Machine Learning and AI has continued to be a growing and expanding field of interest and work for several years. It has continued to gain a lot of attention and has seen an influx of many undergraduates / working professionals to join and explore. So, if you are a beginner and need help with Decision Trees and their family of Ensemble methods, this story is for you.
多年来,机器学习和AI一直是一个不断增长和扩展的兴趣和工作领域。 它继续引起了很多关注,并且吸引了许多大学生/在职专业人员的加入和探索。 因此,如果您是初学者,并且需要决策树及其Ensemble方法系列的帮助,那么本故事适合您。
介绍 : (Introduction :)
The aim is to correctly classify the types of Glass, based on the number of elements (like Ca, Mg, etc.) they contain and their Refractive Index.

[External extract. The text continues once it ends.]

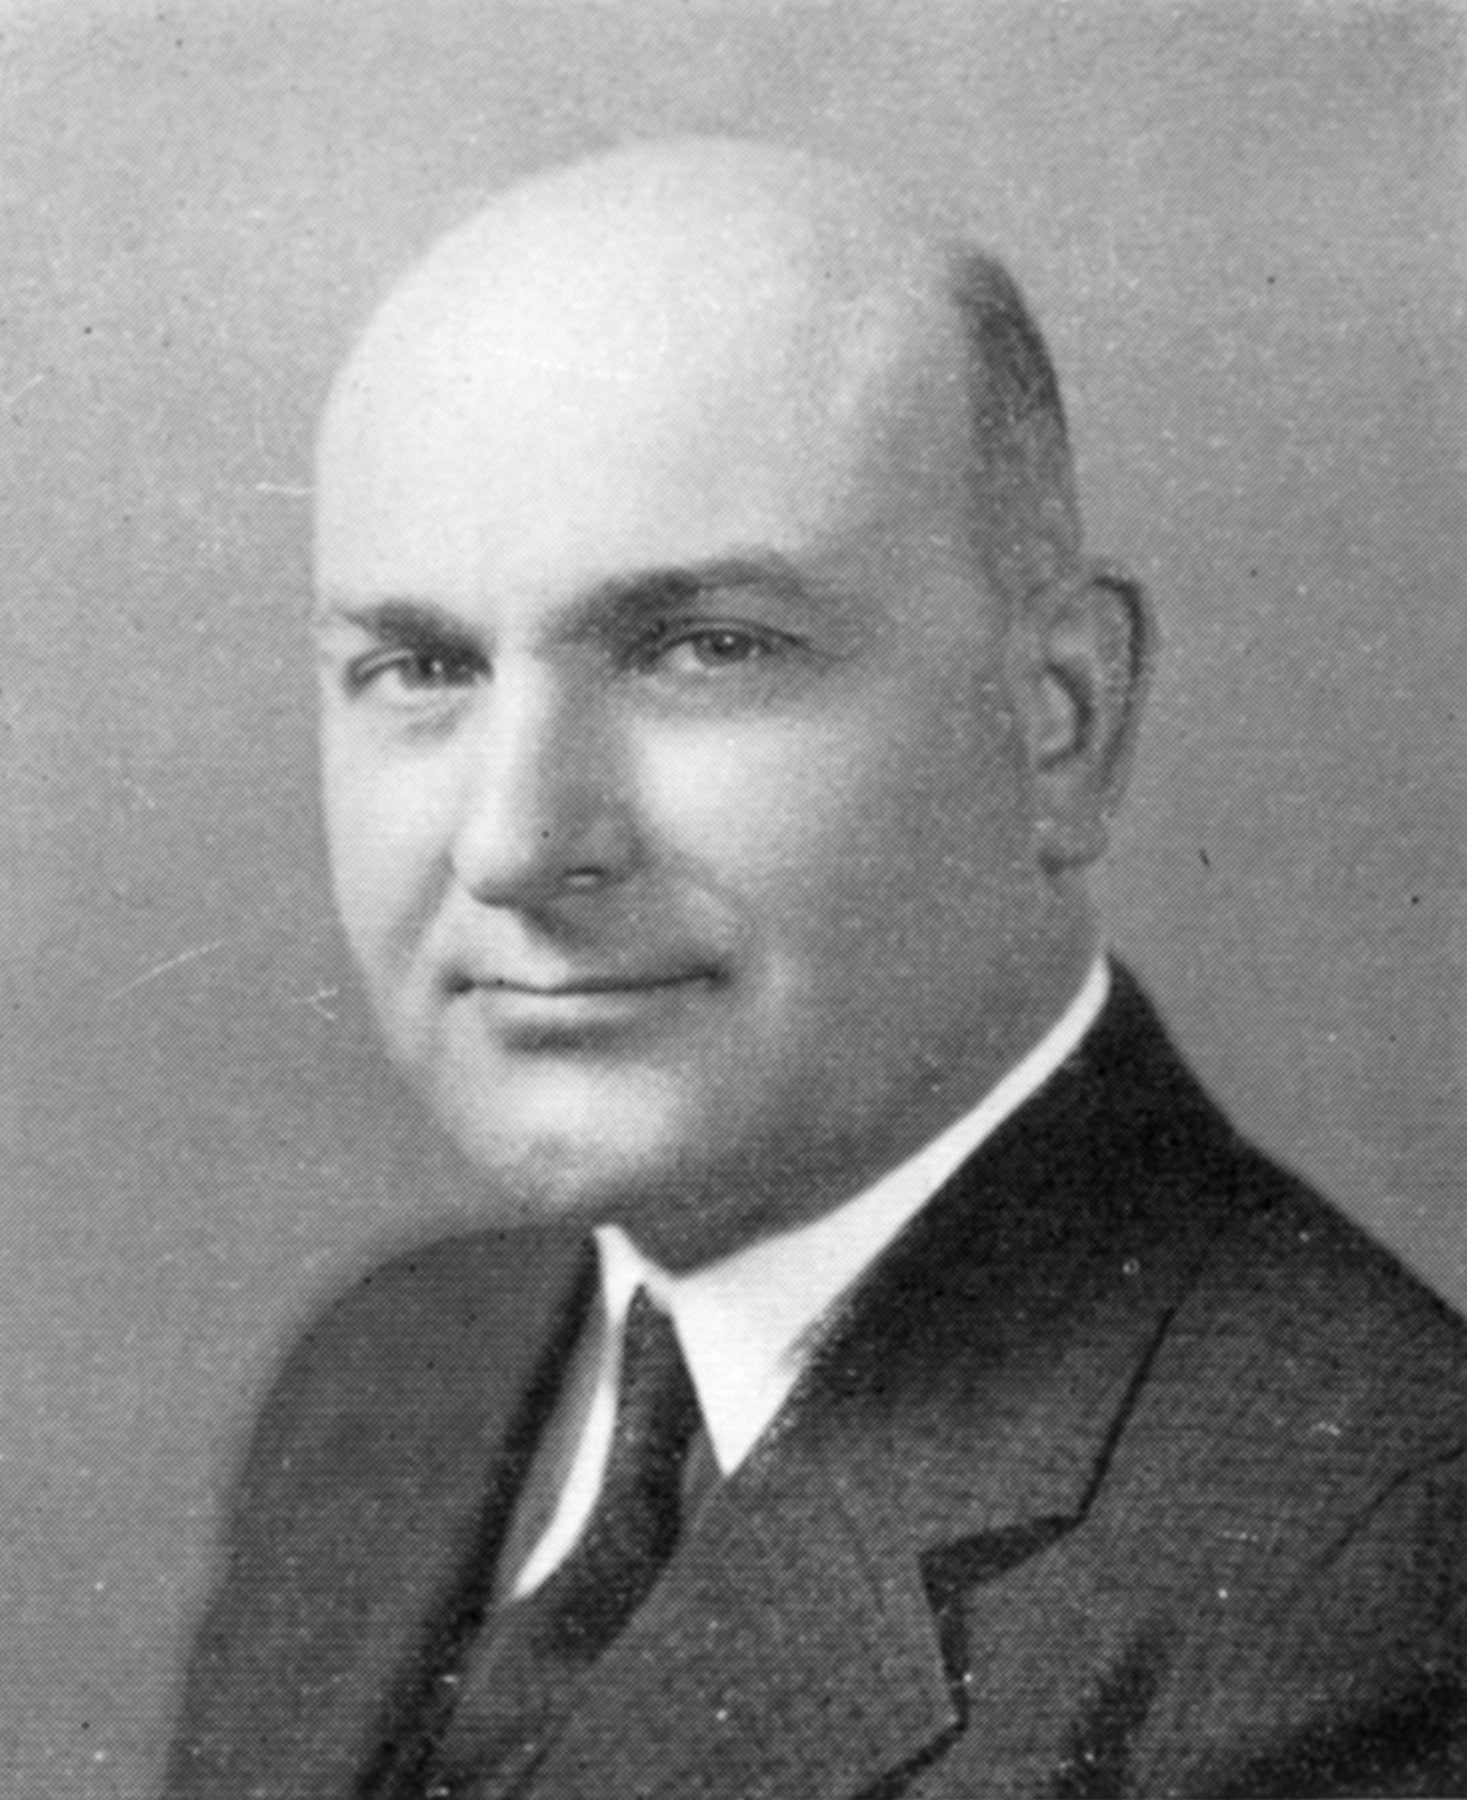 Harry M. Martin, 1942

目的是根据玻璃中所含元素的数量(例如Ca,Mg等)及其折射率正确分类玻璃。
As you can see above, we have 214 rows and 10 columns. The first nine columns are the Features / Independent Variable. And the last column ‘Type’ is our target variable and describe what is the kind (class) of the glass
如您在上面看到的,我们有214行和10列。 前九列是功能/自变量。 最后一列“类型”是我们的目标变量 ,它描述了什么是玻璃的种类( 类 )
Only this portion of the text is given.